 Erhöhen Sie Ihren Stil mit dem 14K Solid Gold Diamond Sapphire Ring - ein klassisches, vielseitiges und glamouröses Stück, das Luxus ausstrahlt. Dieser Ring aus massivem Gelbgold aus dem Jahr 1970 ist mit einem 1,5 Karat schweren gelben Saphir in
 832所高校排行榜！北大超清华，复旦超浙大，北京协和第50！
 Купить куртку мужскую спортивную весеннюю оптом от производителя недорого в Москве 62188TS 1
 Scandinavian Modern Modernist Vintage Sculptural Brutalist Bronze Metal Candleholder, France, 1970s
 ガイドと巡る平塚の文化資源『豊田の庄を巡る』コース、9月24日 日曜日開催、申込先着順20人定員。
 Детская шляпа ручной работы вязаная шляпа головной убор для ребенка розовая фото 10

◆ ◆ ◆

**BRIEF**
The full set of entries must be printed again without any alteration.

**SOLVED EXERCISE**
 Erhöhen Sie Ihren Stil mit dem 14K Solid Gold Diamond Sapphire Ring - ein klassisches, vielseitiges und glamouröses Stück, das Luxus ausstrahlt. Dieser Ring aus massivem Gelbgold aus dem Jahr 1970 ist mit einem 1,5 Karat schweren gelben Saphir in
 832所高校排行榜！北大超清华，复旦超浙大，北京协和第50！
 Купить куртку мужскую спортивную весеннюю оптом от производителя недорого в Москве 62188TS 1
 Scandinavian Modern Modernist Vintage Sculptural Brutalist Bronze Metal Candleholder, France, 1970s
 ガイドと巡る平塚の文化資源『豊田の庄を巡る』コース、9月24日 日曜日開催、申込先着順20人定員。
 Детская шляпа ручной работы вязаная шляпа головной убор для ребенка розовая фото 10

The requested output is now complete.